Task
All lines below between the line with "MNH Stamp Nr.89 In MICHEL Catalog - Ukraine" and the line with "Палатка шатер туристическая", including both, must be copied exactly, and the pictures must be omitted.

Source data

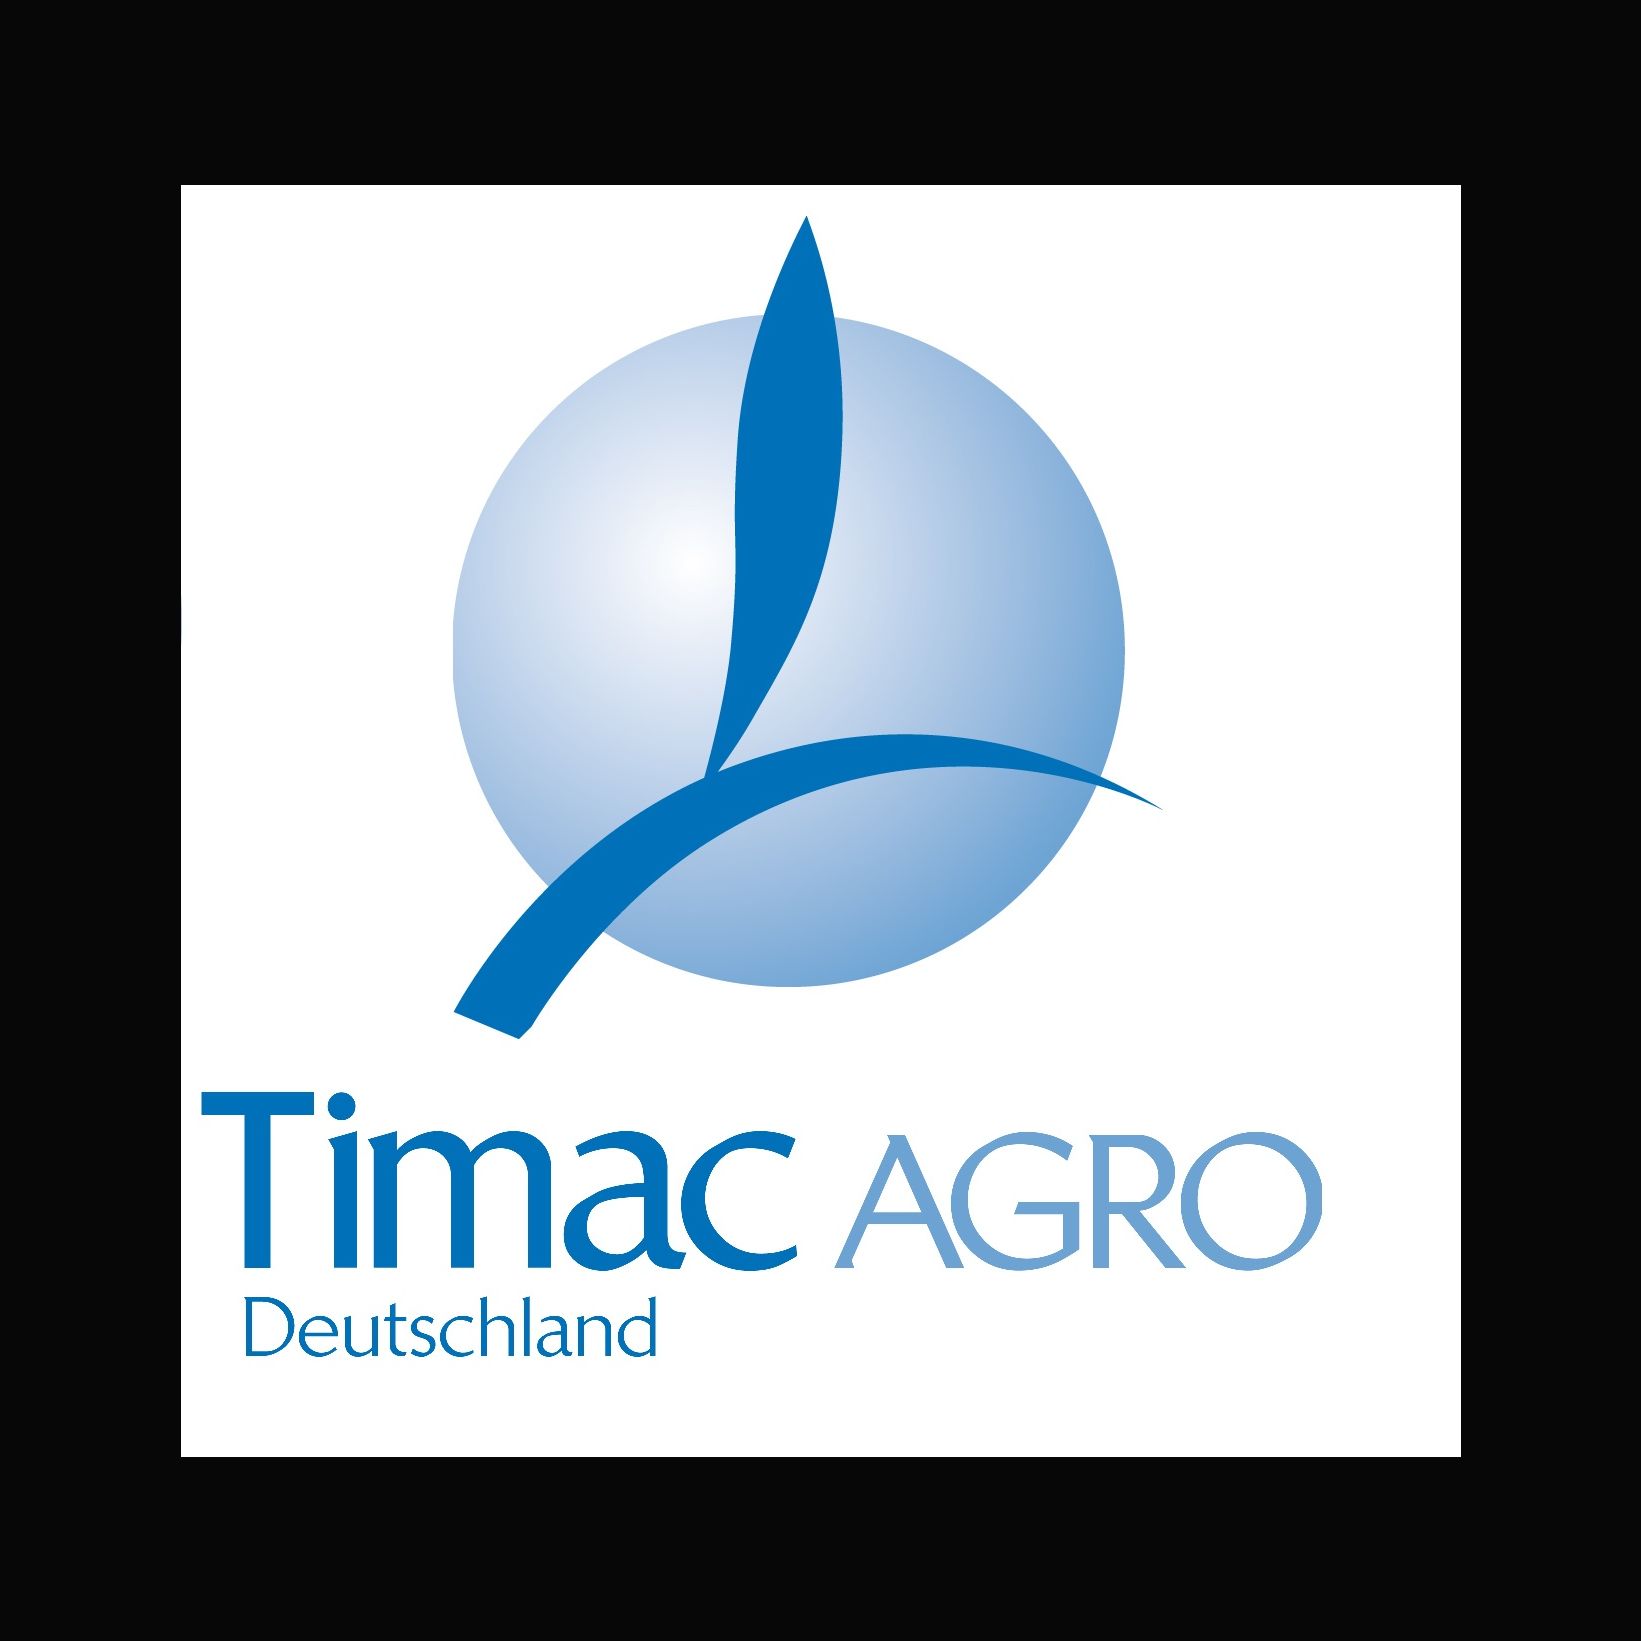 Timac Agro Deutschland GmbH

---

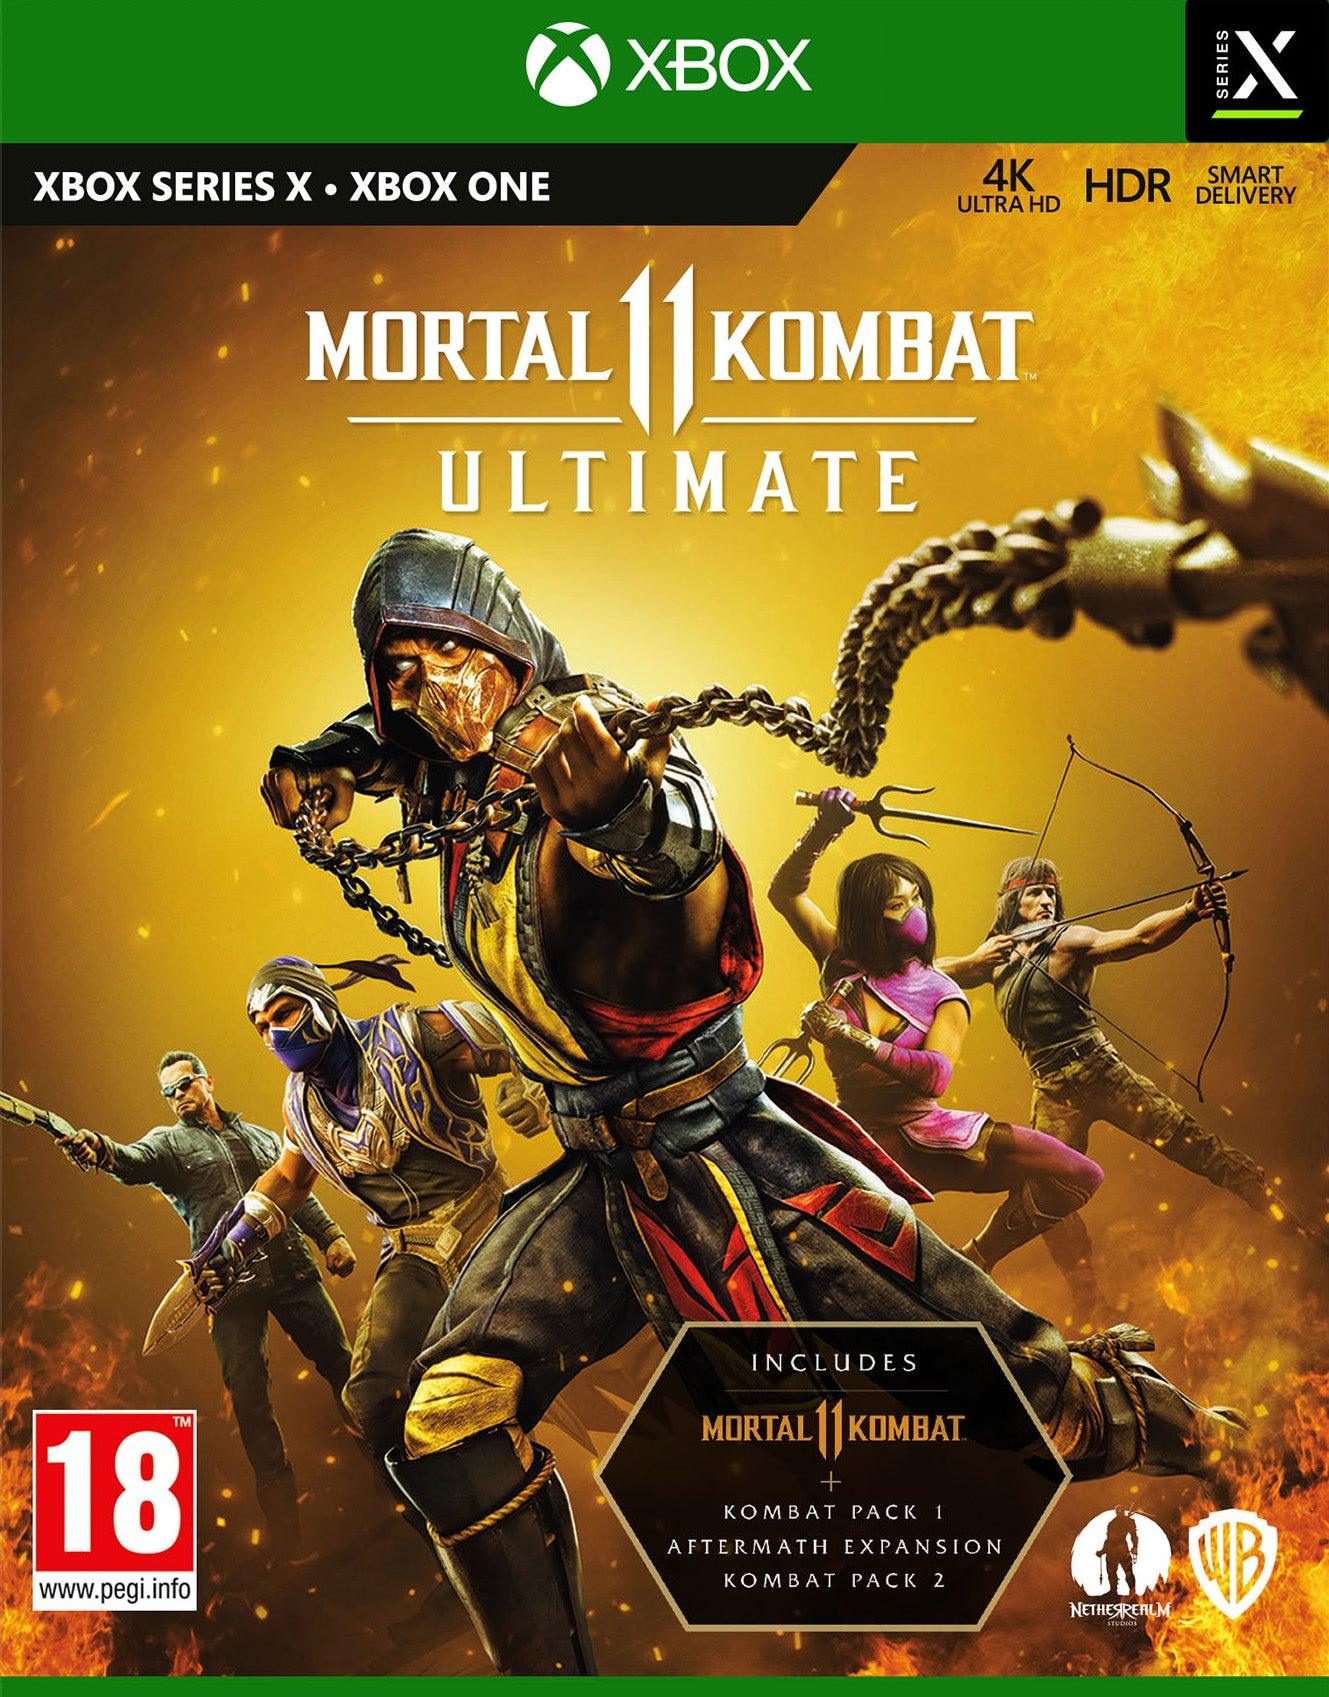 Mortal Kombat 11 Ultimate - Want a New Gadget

==

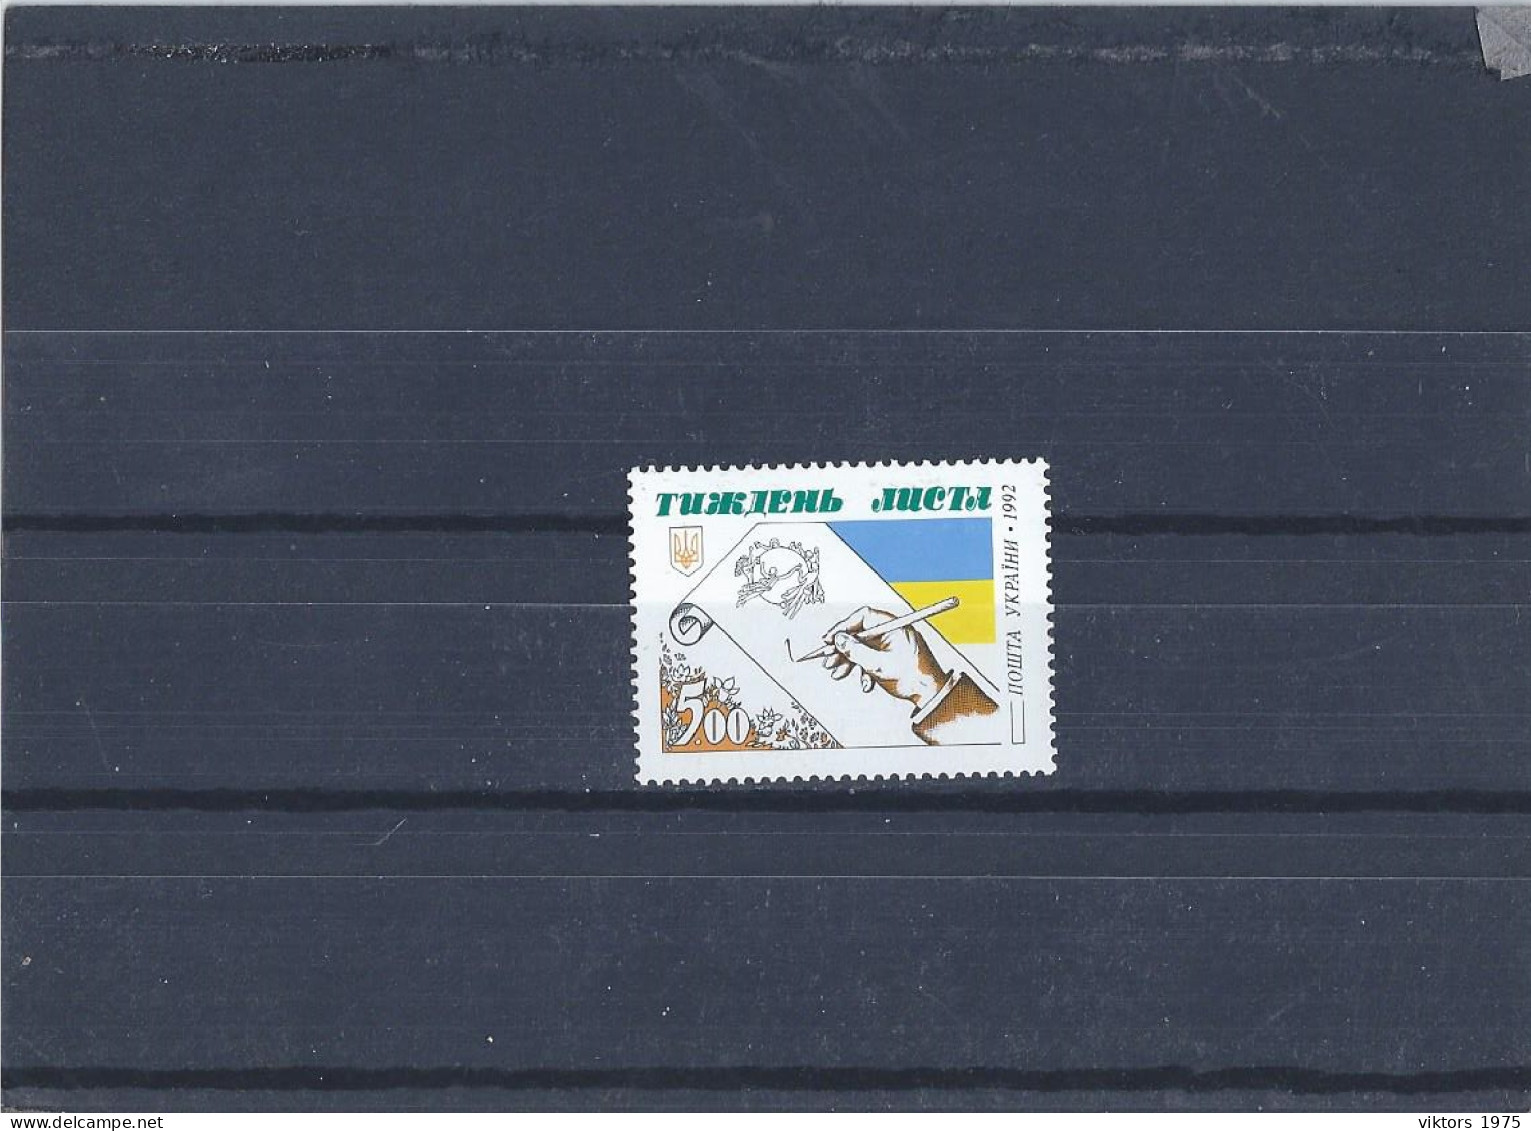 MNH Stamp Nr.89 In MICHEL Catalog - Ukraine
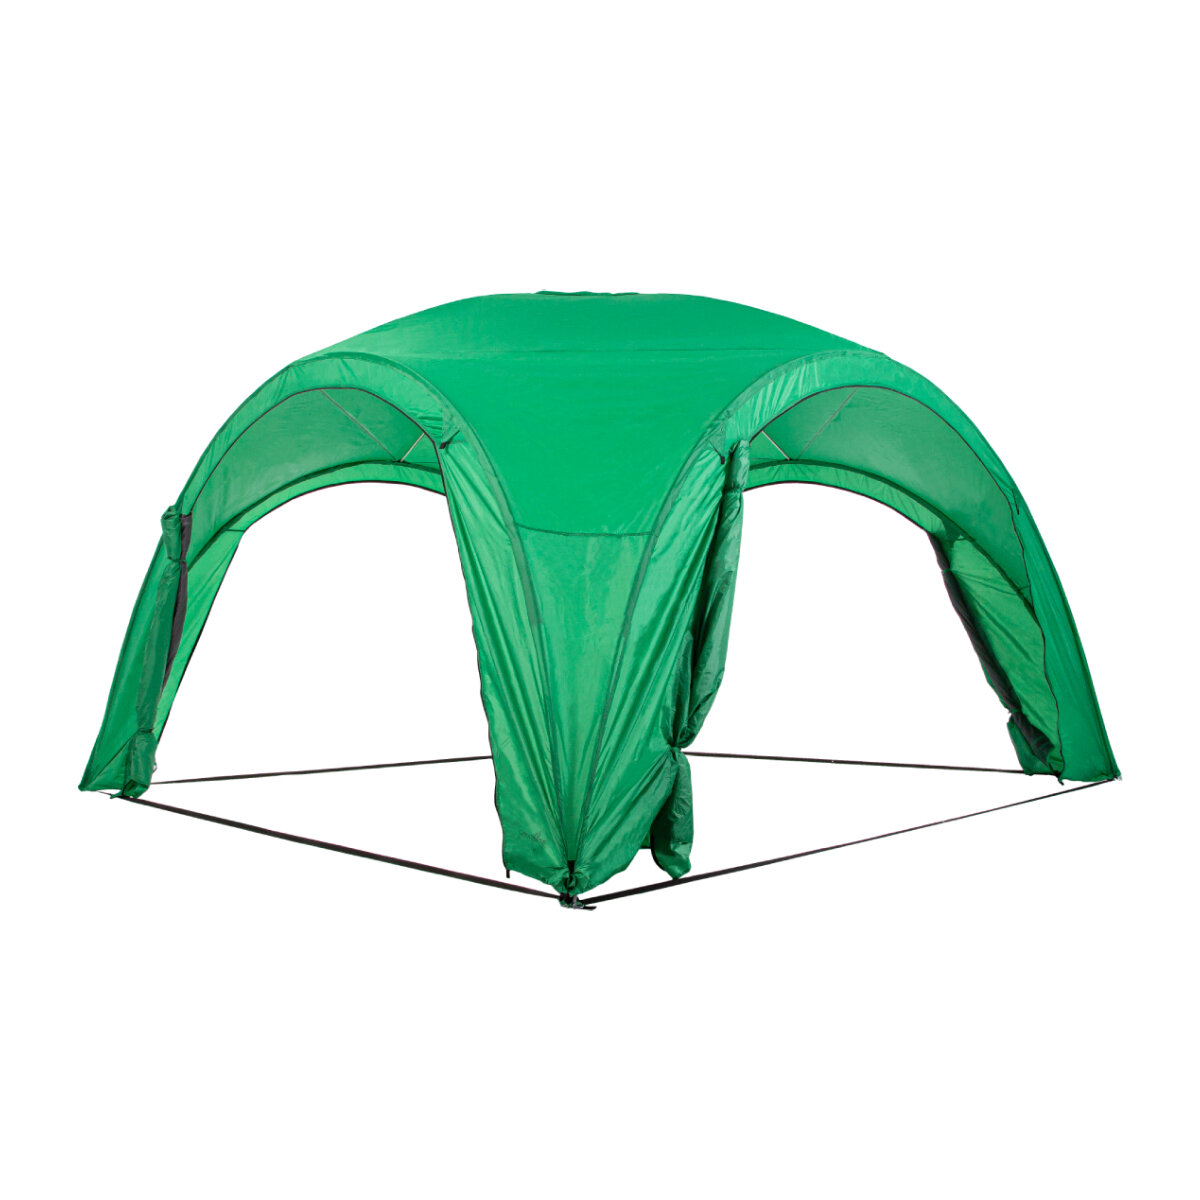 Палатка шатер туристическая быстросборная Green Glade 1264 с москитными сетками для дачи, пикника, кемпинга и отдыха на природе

Answer section
 MNH Stamp Nr.89 In MICHEL Catalog - Ukraine
 Палатка шатер туристическая быстросборная Green Glade 1264 с москитными сетками для дачи, пикника, кемпинга и отдыха на природе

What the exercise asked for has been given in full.